To slice by time values instead of array indices, use
subtime(start, end).
- frames(length, overlap=0)[source]
Split the rate data into a RateSliceStack of fixed-length windows.
- Parameters:
- Returns:
Stack of rate data windows, one per frame.
- Return type:
stack (RateSliceStack)
Notes
Windows that would extend past the end of the recording are excluded.
overlap must be strictly less than length.
- get_pairwise_fr_corr(compare_func=<function compute_cross_correlation_with_lag>, max_lag=10, n_jobs=-1)[source]
Compute unit-to-unit similarity from the firing rate matrix (U, T).
- Parameters:
compare_func (callable) – Comparison function from utils. Specify cross-correlation or cosine similarity. The default is cross correlation. See utils.py for details.

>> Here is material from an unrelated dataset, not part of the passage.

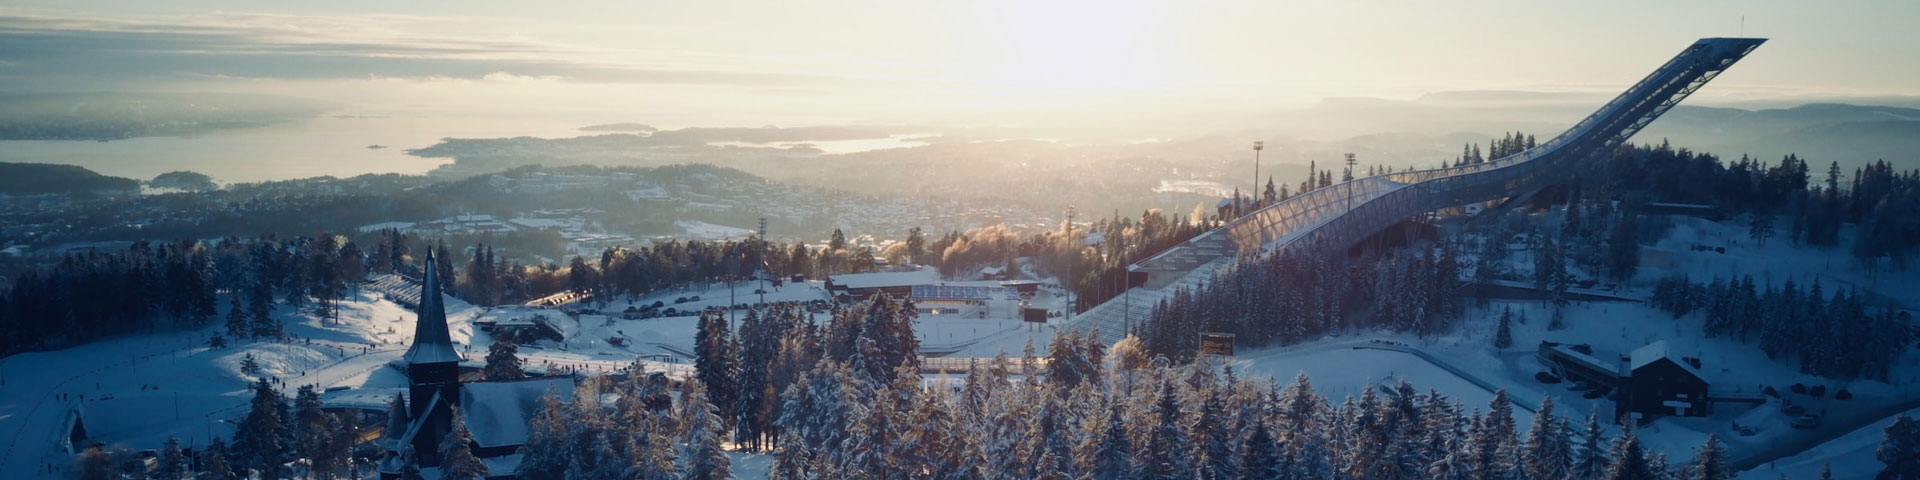 Norway winter22 1

max_lag (int) – Max number of lag steps around 0 to consider for finding the max correlation. If None, lag is set to 0.
n_jobs (int) – Number of threads for parallel computation. -1 uses all cores (default), 1 disables parallelism, None is serial.
- Returns:
- Maximum correlation coefficients
between all unit/neuron pairs. matrix[i, j] is the max correlation between unit i and unit j. Values range from -1 to 1. Diagonal is always 1 (self-correlation).
- lag_matrix (PairwiseCompMatrix): Time lags (in time bins) at which
maximum correlation occurs. lag_matrix[i, j] is the lag where correlation between i and j is maximal. Positive lag means unit j leads unit i (j fires earlier). Negative lag means unit i leads unit j (i fires earlier). Diagonal is always 0.
- Return type:
corr_matrix (PairwiseCompMatrix)
- get_manifold(method='PCA', n_components=2, **kwargs)[source]

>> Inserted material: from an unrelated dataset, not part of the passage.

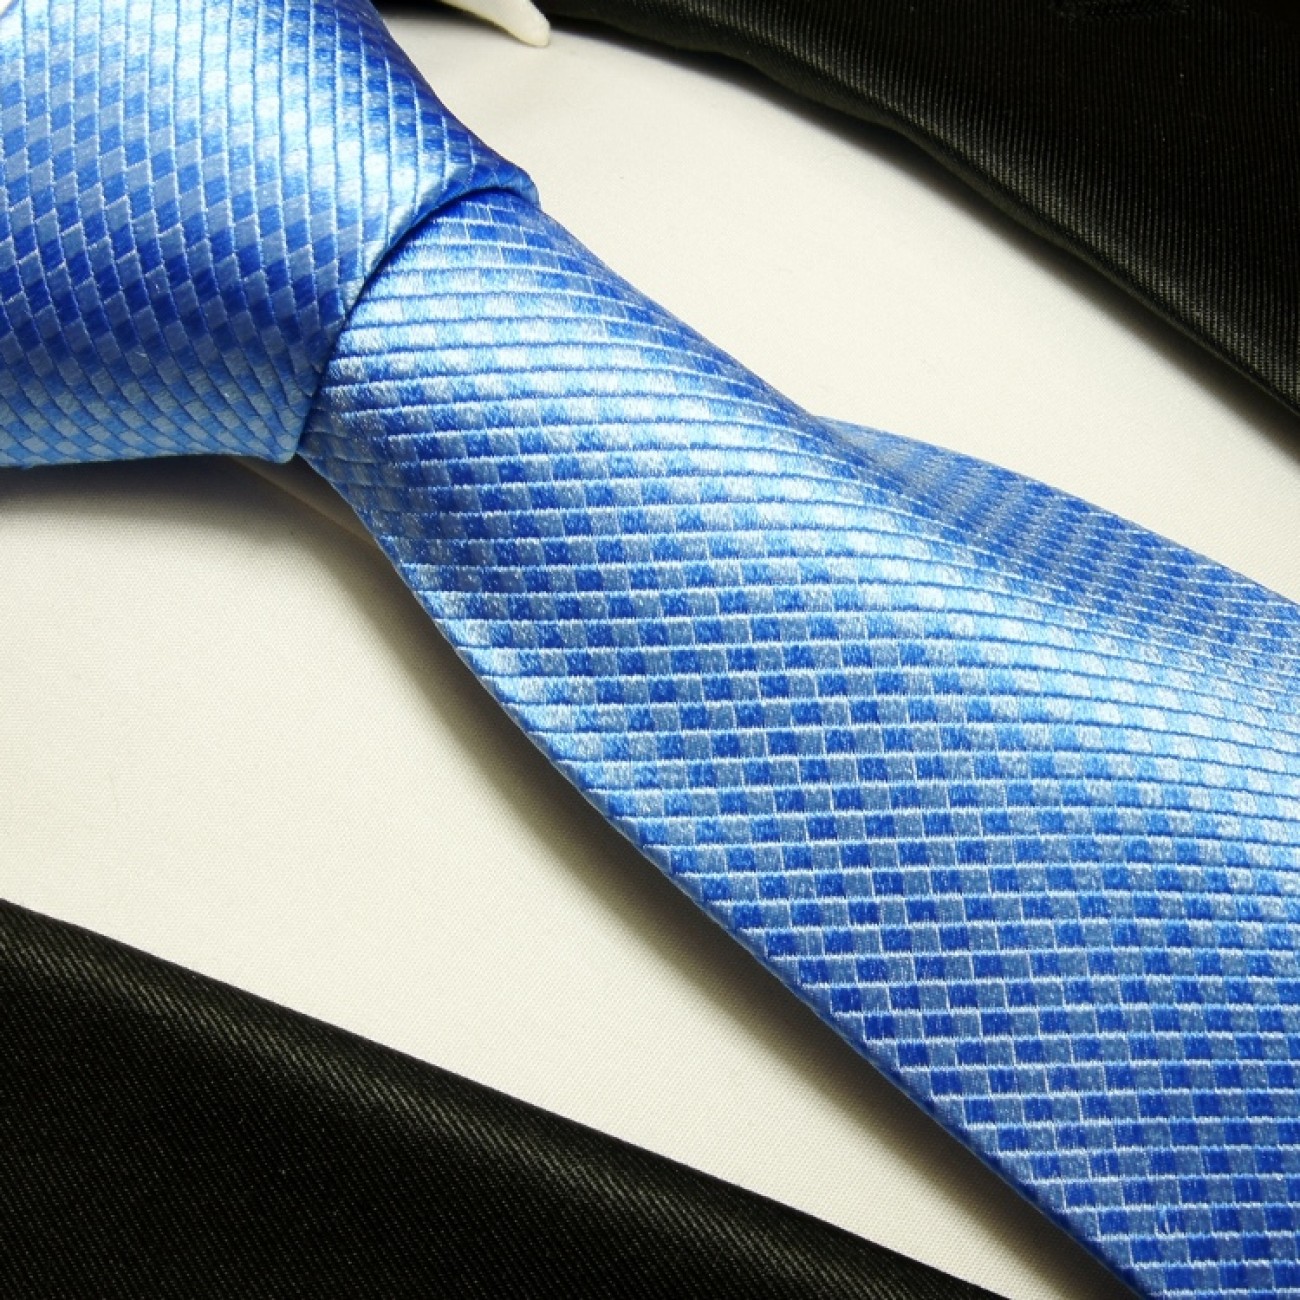 Extra langes Krawatten Set blau 3tlg. 100% Seide + Einstecktuch + Manschettenknöpfe by Paul Malone 502

Project the firing-rate data into a low-dimensional manifold using PCA or UMAP.
- Parameters:
method (str) – Which dimensionality reduction method to use. Either
"PCA"(default) or"UMAP".n_components (int) – Number of output dimensions to return (default 2).
**kwargs – Additional options for UMAP. If method is
"UMAP", you can specify use_graph_communities (bool), return_labels (bool), and other UMAP-specific keyword arguments such as n_neighbors, min_dist, metric, or resolution.
- Returns:
- Depends on method and options:
If method is
"PCA":(embedding, explained_variance_ratio, components)where embedding has shape (T, n_components), explained_variance_ratio has shape (n_components,), and components has shape (n_components, U). If method is"UMAP":(embedding, trustworthiness)where embedding has shape (T, n_components) and trustworthiness is a float from 0 to 1. If method is"UMAP"with use_graph_communities=True and return_labels=True:(embedding, labels, trustworthiness).
- Return type:
result (tuple)
Notes
To visualise the resulting embedding, use
plot_manifold(). It accepts the embedding array directly and supports background masks, continuous colour values, and discrete group colouring.